King’s Commendation for Brave Conduct London Gazette 12 October 1943.

Edmund James Rogers was born in Swansea in June 1920 and first went to sea as a Galley Boy aged 15 years. A qualified Ship’s Cook by the outbreak of hostilities in September 1939, he joined the tanker
British Councillor, and was similarly employed when she was mined and lost off the Humber 2 February 1940. An accompanying copy of the Chief Officer’s report states that two men remained aboard the stricken vessel, namely the Cook (Rogers) and a Steward, while Seedie’s Awards to the Merchant Navy 1939-45 lists a brace of King’s Commendations for Brave Conduct awarded on the same occasion, namely those awarded to the Chief Steward and a Second Steward. So Rogers’ commendation must have been the result of a later recommendation.

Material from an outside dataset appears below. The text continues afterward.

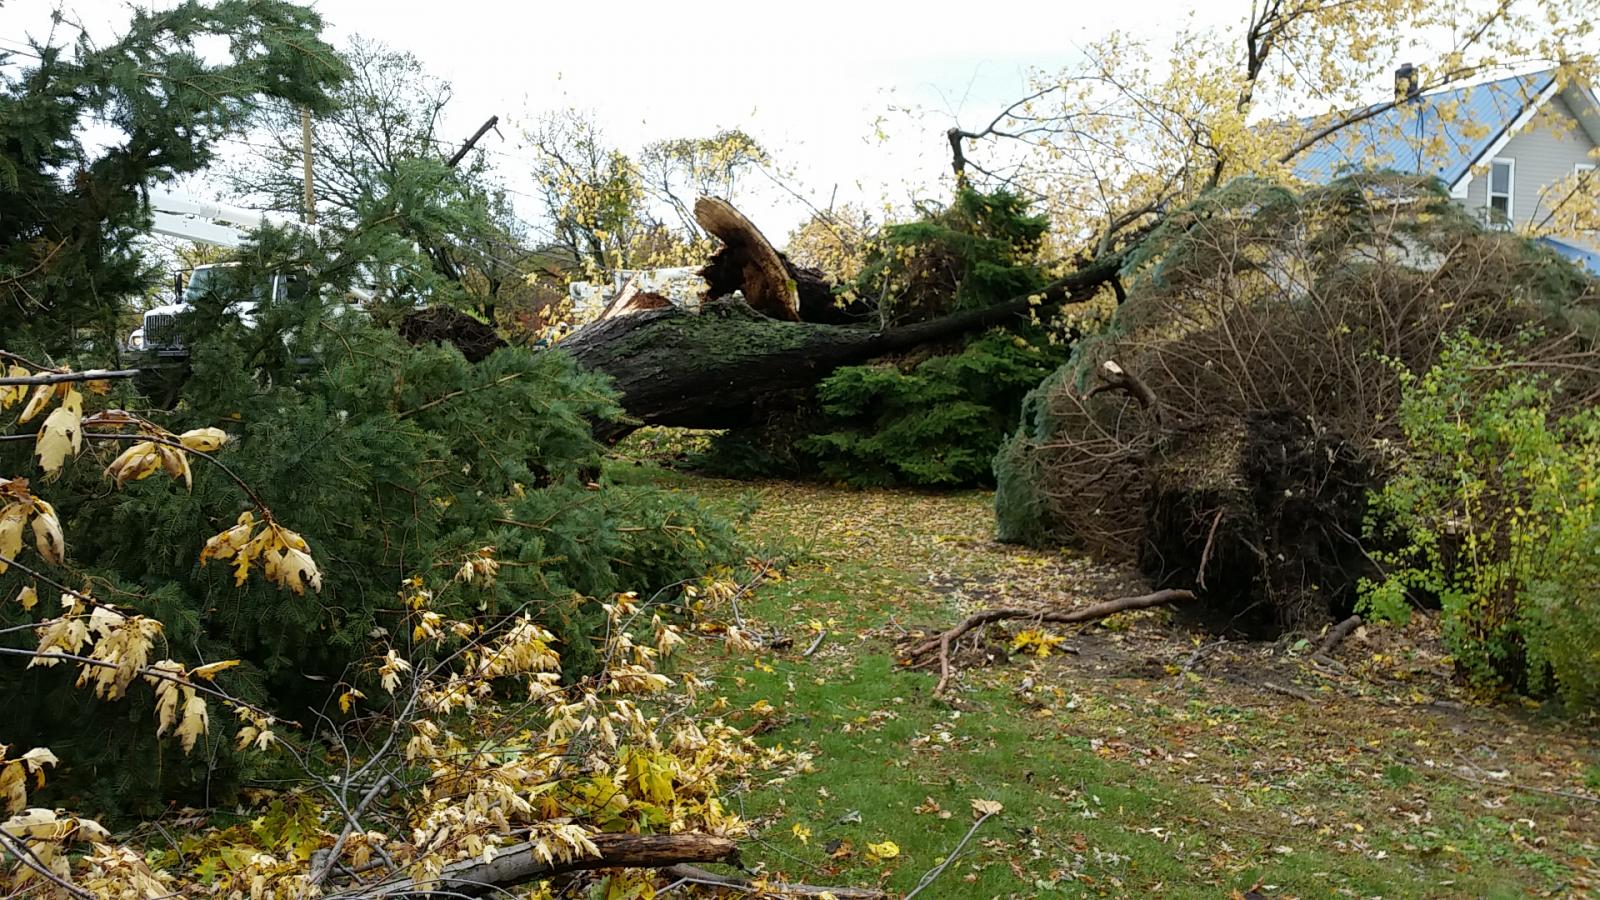 Tree damage in Milcreek PA, November 5 2017

Meanwhile, however, he added the Royal Humane Society’s Honorary Testimonial to his accolades, the relevant certificate stating:

‘Edmund J. Rogers is justly entitled to the Honorary Testimonial of this Society inscribed on vellum, which is hereby awarded him for having on the 29 October 1940, at great personal risk, gone to the rescue of a man who was unfortunately drowned in the Royal Edward Lock at Avonmouth, and whose life he gallantly assisted in attempting to save.’

Rogers’ wartime appointments comprised the
British Diligence (March 1940), British Resource (June to November 1940), British Fortitude (December 1940 to May 1941), Eclipse (July to September 1941), George W. McKnight (October 1941 to March 1942), George H. Jones (March to 11 June 1942), Ocean Faith (August to December 1942), Lana H. Rone (December 1942 to March 1943), Temple Arch (July 1943 to January 1944), British Diligence (February to July 1944), British Zeal (July 1944 to January 1945), and the tanker Beaconstreet (March to June 1945).

And of the above listed ships at least one was lost to enemy action, namely the tanker S.S.
George H. Jones, when she was torpedoed by the U-455 in the North Atlantic on 11 June 1942 - Rogers was among the survivors and three of the ship’s officers were decorated or commended on the same occasion. Added to which his time aboard the Ocean Faith encompassed Arctic convoy P.Q. 18 in September 1942, when his ship was heavily engaged, fellow crew winning a D.S.M. and two “mentions”, one of the latter posthumously.

Sold with a quantity of original documentation, including King’s Commendation for Brave Conduct certificate in the name of ‘Edmund James Rogers, Cook, S.S.
British Councillor’, dated 12 October 1943; Royal Humane Society’s Honorary Testimonial certificate, dated 19 November 1940, with above cited citation; Minister of Transport forwarding slip for 1939-45 campaign medals and Central Chancery instructions regarding the King’s Commendation badges; the recipient’s Board of Trade Continuous Certificate of Discharge, covering his career from 1935 to 1953, and his Certificate of Competency as Ship’s Cook; a hand written copy of an Admiralty press release reporting on the passage of ‘a very important convoy’ which had arrived in North Russia, 3 pp., British Wireless Marine Service notepaper, as taken down in the S.S. Ocean Faith, 25 September 1942; several letter to, or from the recipient, 1940-45; assorted wartime newspaper cuttings, one stating that the recipient had been involved in a U-Boat attack following the British Councillor incident - presumably the U-455’s attack on the George H. Jones; and a fine run of career photographs (approximately 100 images).